I'm leafing through my unabridged American Heritage, looking for a technical definition of sans serif (a term which, by the way, I will never remember to pronounce as if it rhymed with sheriff; instead, I always erroneously put the accent on the second syllable), and I spy the word shittimwood in the running head for p. 1608. "Shittimwood?" I think with delight, and I quickly page back to see what it means. And alas, it's a religious term ("the wood of the shittah, used to make the ark of the Hebrew tabernacle"), which means I am deprived of making all the infantile jokes that I would otherwise have been framing.

{sigh} Back to boning up on my printing vocabulary.

Posted by senioritis at 09:27 AM | Comments (1)

A Freddiepurr

I've now heard one.

While I was on vacation, BP heard Freddie purr, while they were playing. Now I've heard it: while I was fixing feline breakfast this morning, Fred began rubbing my legs (ever so lightly) and purring. That's a first for Fred-instigated contact, as well as the first time I've heard his purr.

Posted by senioritis at 08:05 AM | Comments (1)

July 20, 2005

Calcific tendonitis

Typically in people over 30-40. Check. Typically in people with diabetes. Check. (Well, I'm borderline diabetic, but whatever.)

I was worried that it might be an injury to the rotator cuffs (I have it in both shoulders), but the orthopedist I saw today (one of those specialists who's so detached from his patients that when he introduced himself and I reached out to shake his hand, it took him several seconds to figure out what I was doing, and then several more seconds to free his hand and actually shake mine) assures me that I just have calcific tendonitis that will probably go away on its own. Which is good, 'cause it's painful. I can't reach behind myself (like to scratch my back!), and I can't sleep on my shoulder.

So yeah, I'll go get the PT, and I'll do the exercises. And I'll have this fine but usually harmless thing to bitch about. Check.

And I'll have had the fun of watching those online videos (scroll down to the bottom of the linked page) of what happens when they do actually have to do surgery. It involves puncturing the calcium deposits, and then the calcium squirts out of them. Kewl.

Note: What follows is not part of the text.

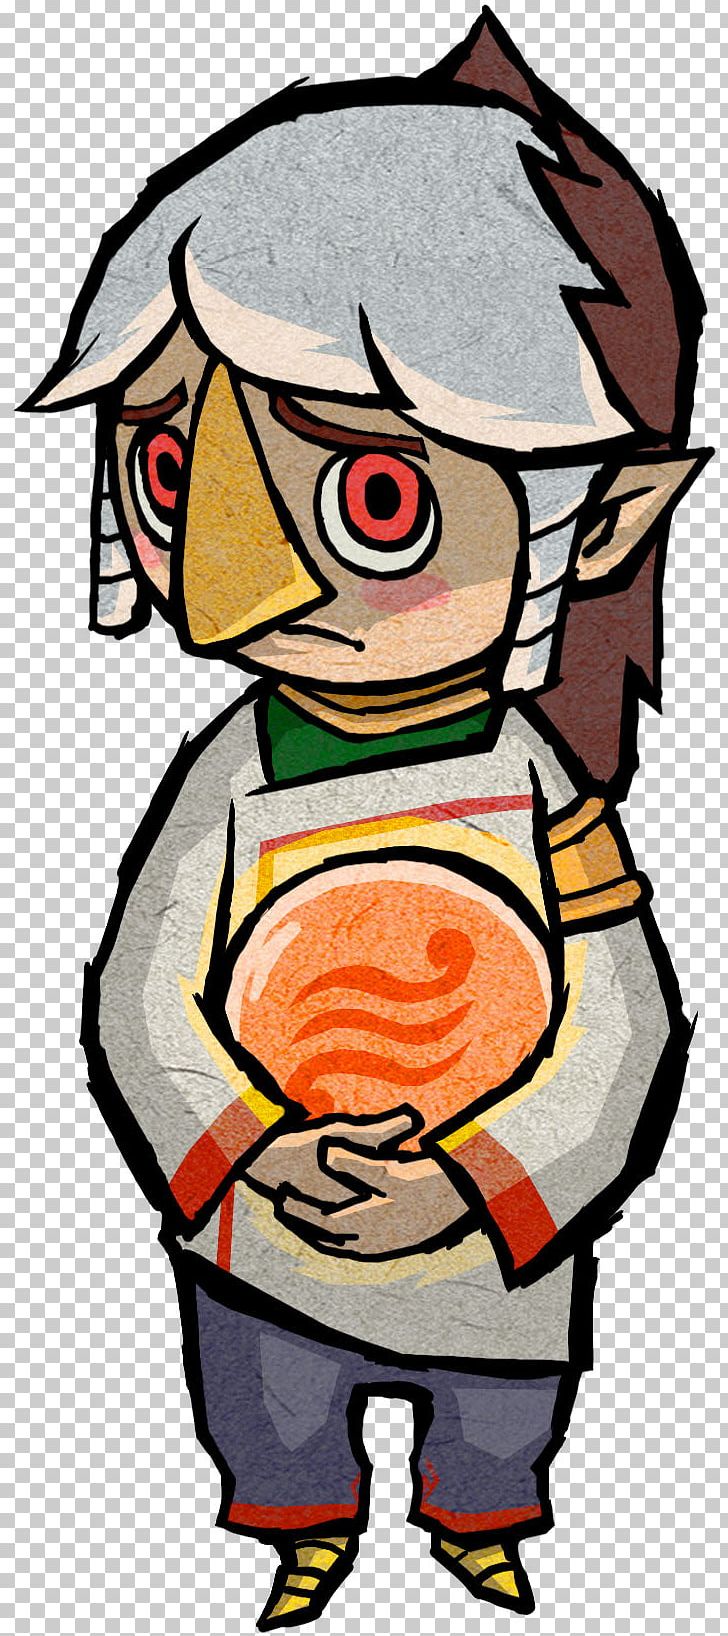 The Legend Of Zelda: The Wind Waker The Legend Of Zelda: Breath Of The Wild Link The Legend Of Zelda: Majora's Mask The Legend Of Zelda: Ocarina Of Time PNG, Clipart, Artwork, Beak, Fictional Character, Legend Of Zelda Ocarina Of Time, Legend Of Zelda The Wind Waker Free PNG Download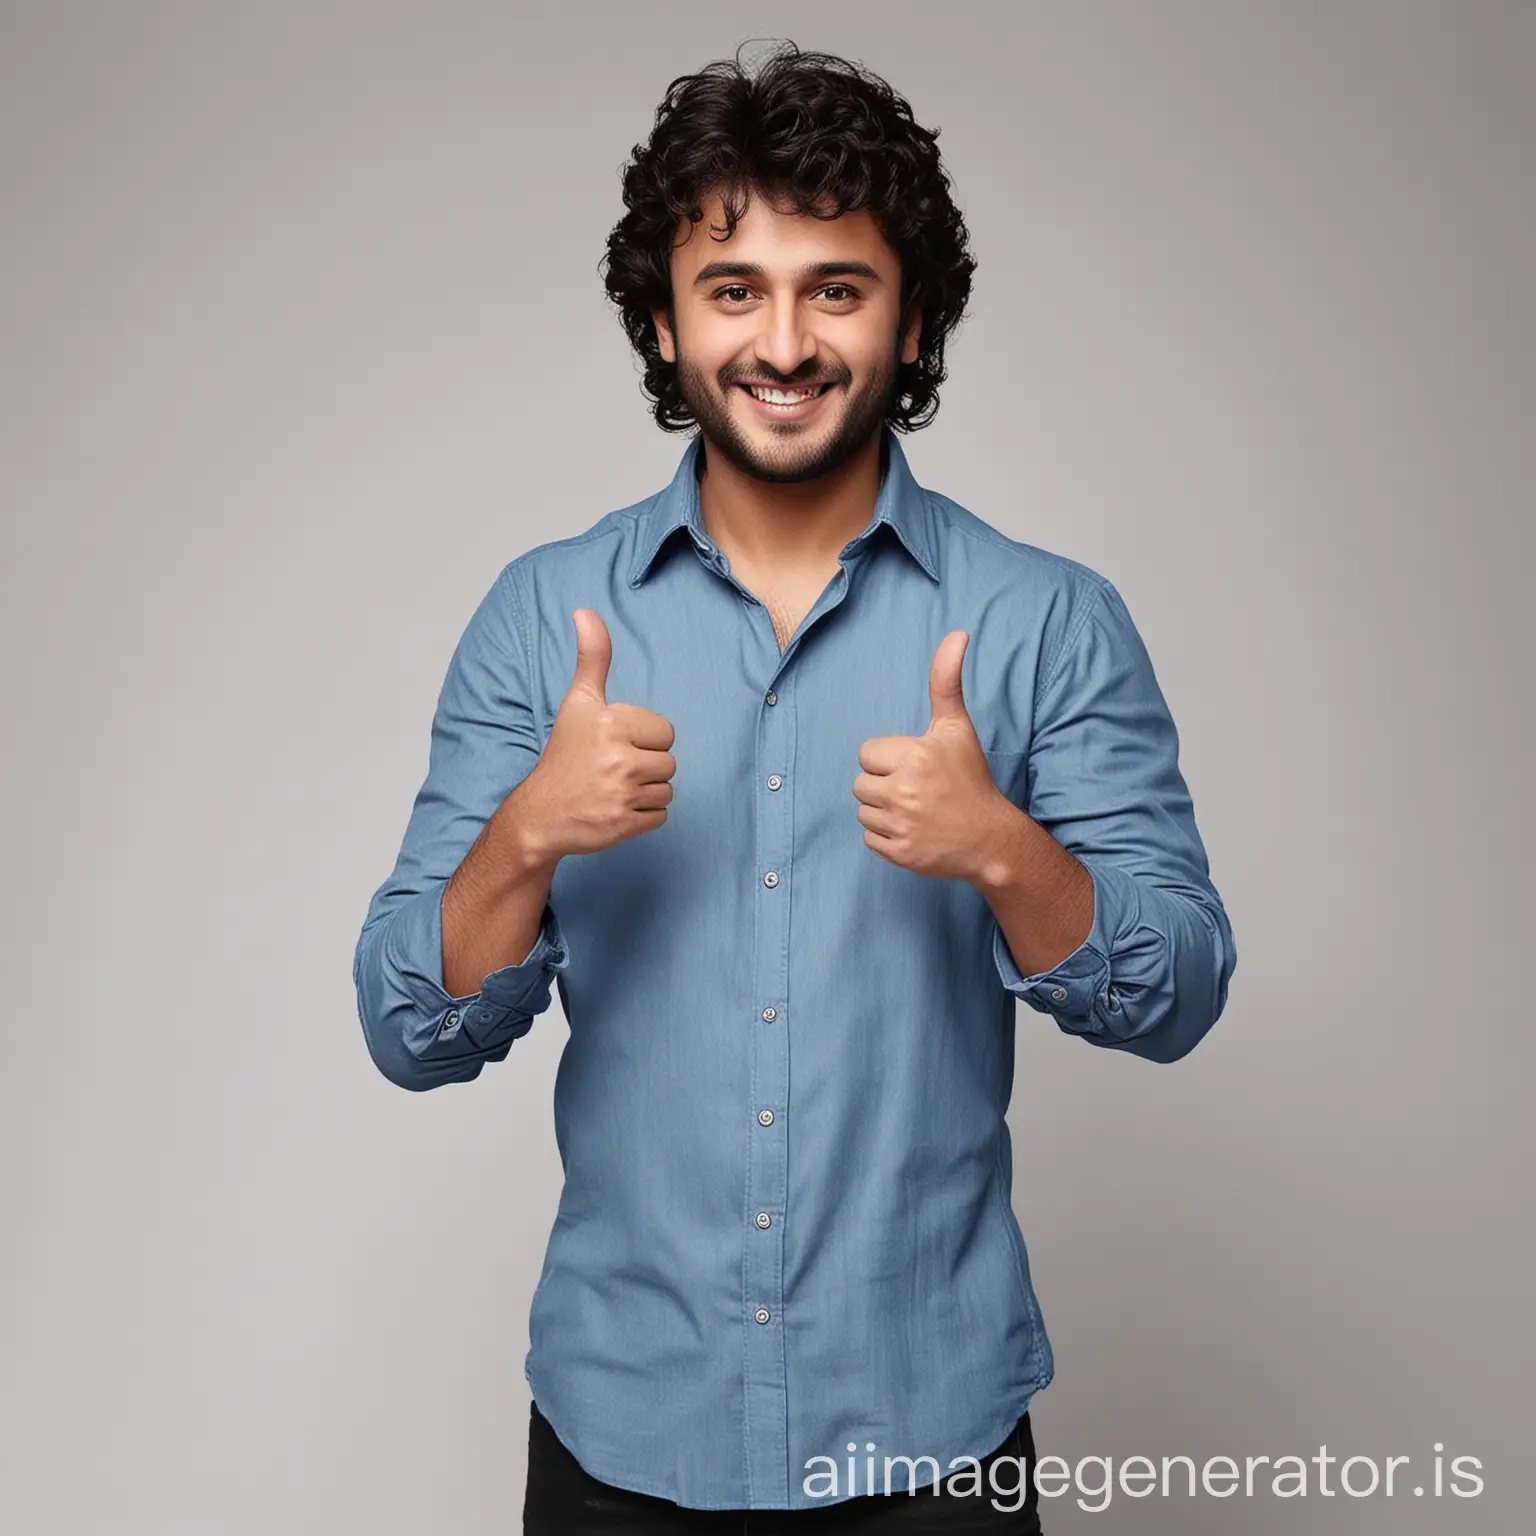 Professional-Businessman-Shane-Nigam-Endorses-Best-Offer-in-Blue-Shirt-and-Formal-Attire

Posted by senioritis at 10:25 PM | Comments (2)

When is a deal done?

A deal is done when everybody has signed the contract and you have your copy in your hands (or your safe deposit box). As a perennial naif, I have to remind myself of this from time to time. Alexandre Vinokourov sure has just received his own personal reminder. Prior to the Tour, his switch to the Discovery team was rumored to be a done deal, and Vino himself said that he'd either stay with T-Mobile or go to Discovery. And since he was so much on the outs with Ullrich (and since T-Mobile seems unwilling to formulate something resembling a team plan for a little event like the Tour de France), I was certainly one who thought the deal was done.

But Vino hasn't ridden all that well in this year's Tour, and guess what? No Discovery contract.

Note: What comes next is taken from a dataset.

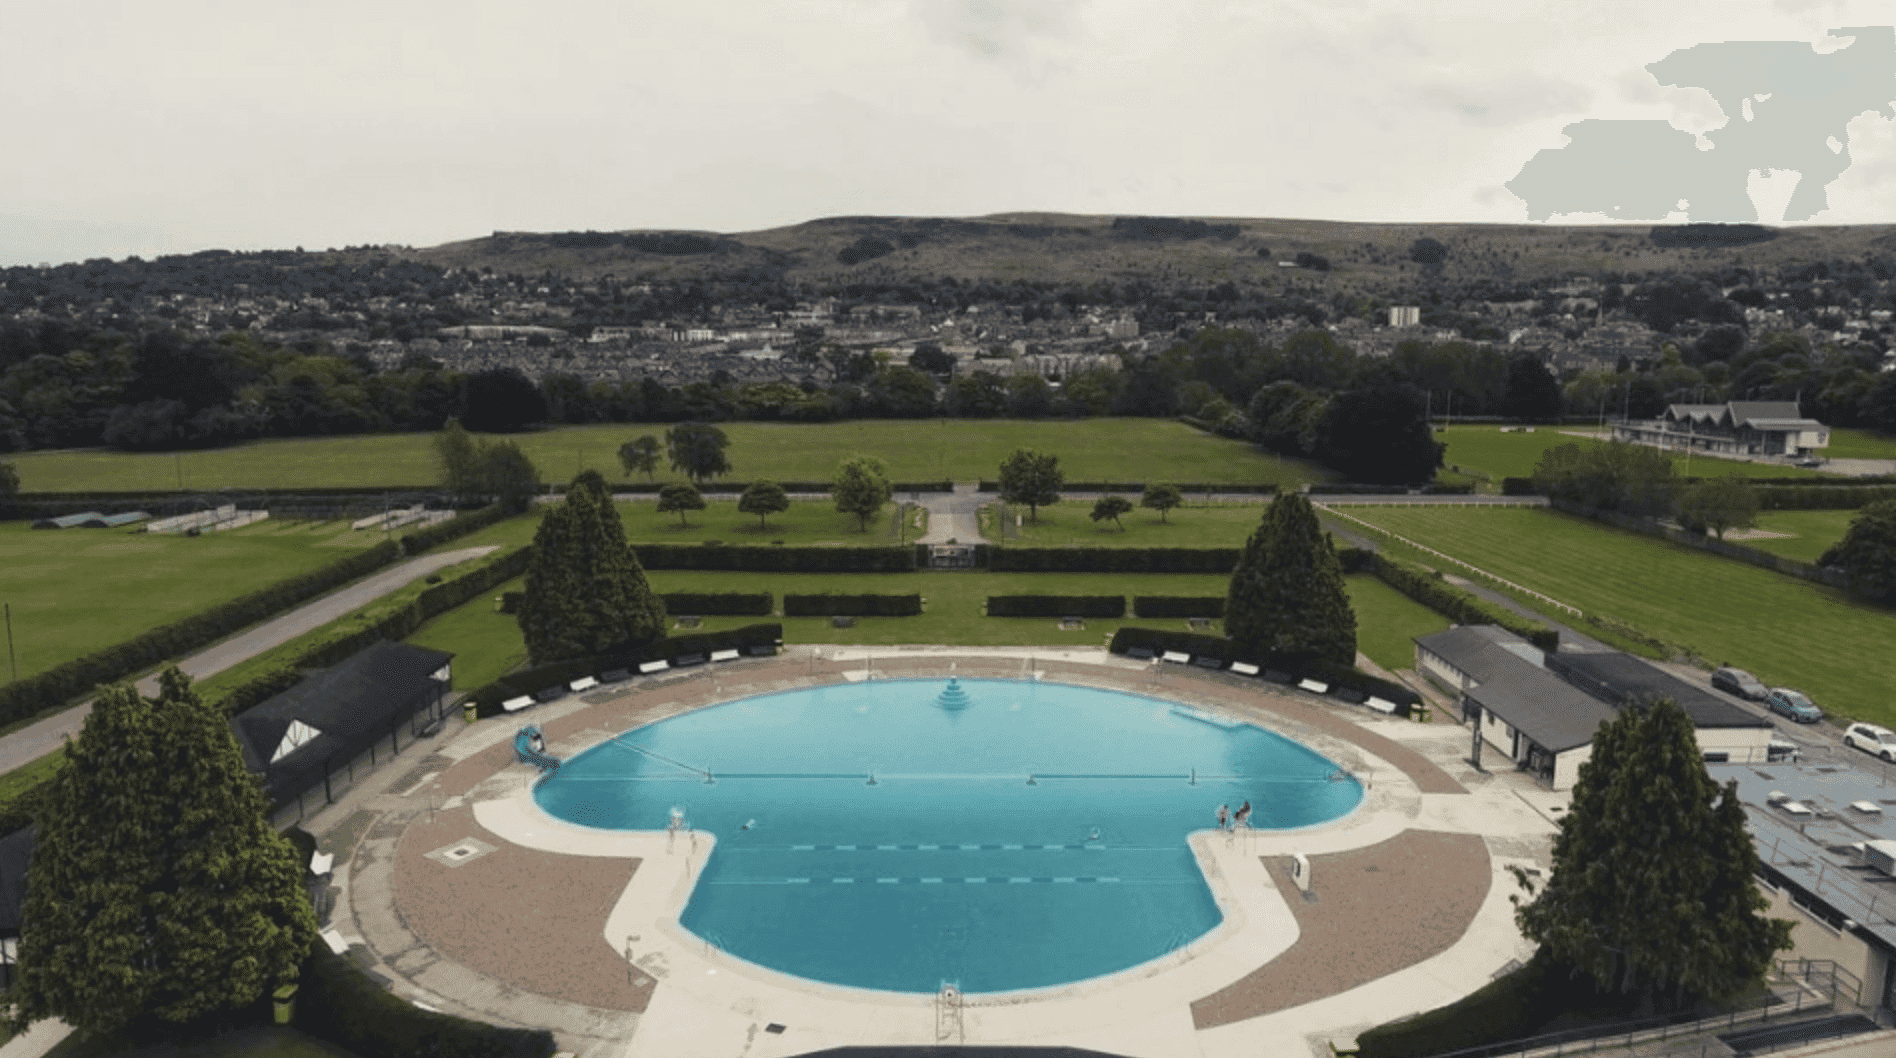 25 lidos & outdoor pools near me

Posted by senioritis at 10:47 AM | Comments (0)

July 19, 2005

Australian women's national cycling team

Having been hit by a car driven by an incompetent old person, I know how vulnerable you are when you're on a bike. The publisher of Cycling News puts it this way:


Every cyclist has all-too-often had their brushes with death; the cars and trucks that have swerved or braked way too close, approached too quickly from behind, as we ride along, looking slightly above and thinking, "he's going to see me and go around". The fact I'm writing this means they have, for me at least.

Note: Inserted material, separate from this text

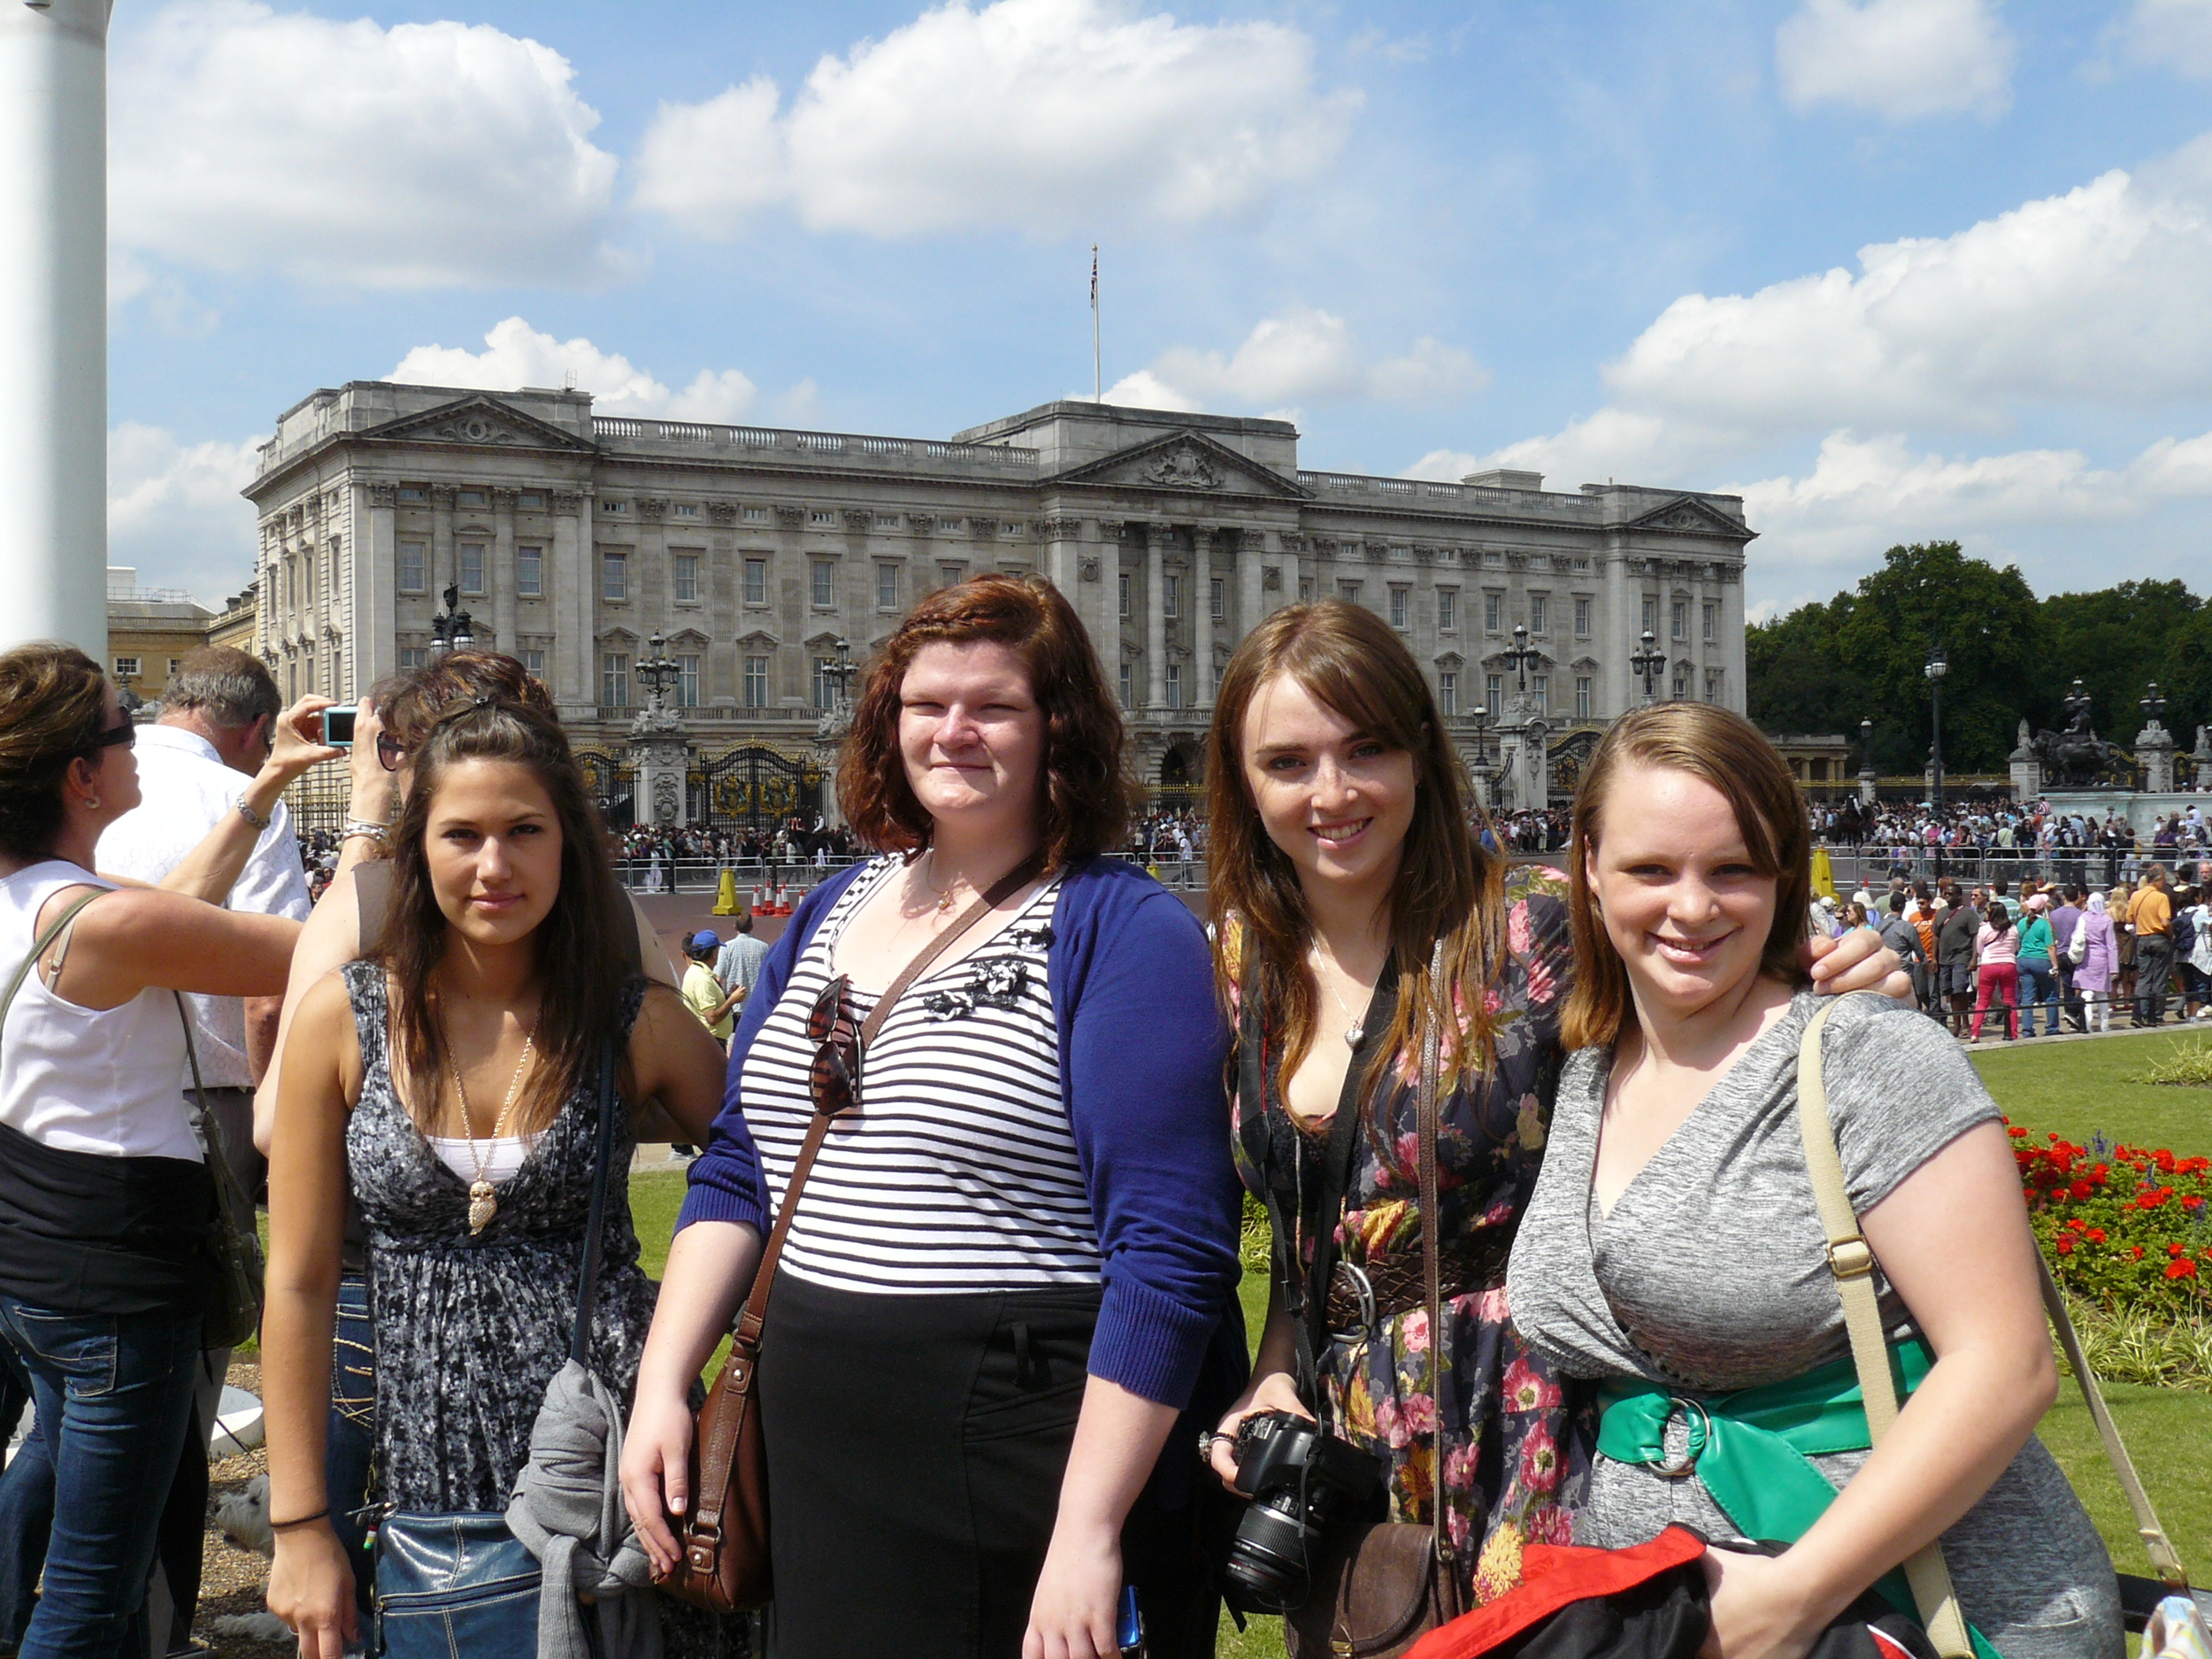  Sight seeing by Buckingham Palace.​

So this kind of news fills me with rage and sorrow.

Rest in peace, Amy Gillett.

Posted by senioritis at 08:14 AM | Comments (0)

July 18, 2005

Back to business

Delivered Brother to the airport today. Vacation over.

Best meal of the vacation: Duke's in Harrisburg PA. Trendy little bistro overlooking the Susquehanna. We dined on the deck and ate good sandwiches.

Most exciting moment: When Greatnephew 1 sliced his finger open on the edge of a "safe" dartboard. Six stitches, courtesy of the ER doctor in Washington County, Maryland.

Most horrific moment: Discovering that there were innumerable tightly embedded spiderwebs under all the lawn chairs. Two hours before a picnic for 50 people.

Most reassuring moment: When Son told me how much he likes his new position and how optimistic he is about his future in it.

Best moment: The entire thing. Brother and I visited with the entire family: Son, Daughter-in-Law, Niece 1, Nephew-in-Law, Grandnephew 1, Niece 2, Grandnephew 2, Niece 3. I came home smiling.

Posted by senioritis at 09:52 PM | Comments (3)

July 12, 2005

The Chronicles of Plagiarizing Administrators

A commenter on one of my earlier posts lists former president Eugene Tobin's plagiarism (and the ensuing fallout) as one of the scandals from which Hamilton College alumni must rescue their institution.

When the dean at UMKC decided to plagiarize, he had the good taste to go to top-notch sources. Tobin plagiarized from Amazon reader reviews, whereas this guy went to Cornel West.

Swofford, Ben. "Recent UMKC plagiarism scandal highlights issue of academic dishonesty." The Current [University of Missouri-St. Louis] 11 July 2004.

Posted by senioritis at 08:00 AM | Comments (0)

Dershowitz

More sources:

Howard, Jennifer. "U. of California Press to Publish Book That Alan Dershowitz Has Criticized as Anti-Semitic." Chronicle of Higher Education 11 July 2005.

Dershowitz, Alan. Letter to the Editor. Chronicle of Higher Education 11 July 2005.

Posted by senioritis at 07:54 AM | Comments (0)

Aerial bombardment

The cats are getting along remarkably well. Fred is a little pushy when I crack open a fresh can of cat food, and Ruth is still trying to herd him around the house. But it's going well. Luigi, who we thought would persecute Fred, is instead afraid of him.

Until recently. She's beginning to get comfortable around him, which for Luigi means she's preparing to take him on. And it's clear that a plan is forming. She has decided to become a Luigibomb; she wants to drop her 18 pounds on his 8 pounds from the greatest height possible. Feline Shock and Awe, as it were. Luigi is fixin to squish Fred; it's just a matter of time before she musters the courage to seize her opportunity.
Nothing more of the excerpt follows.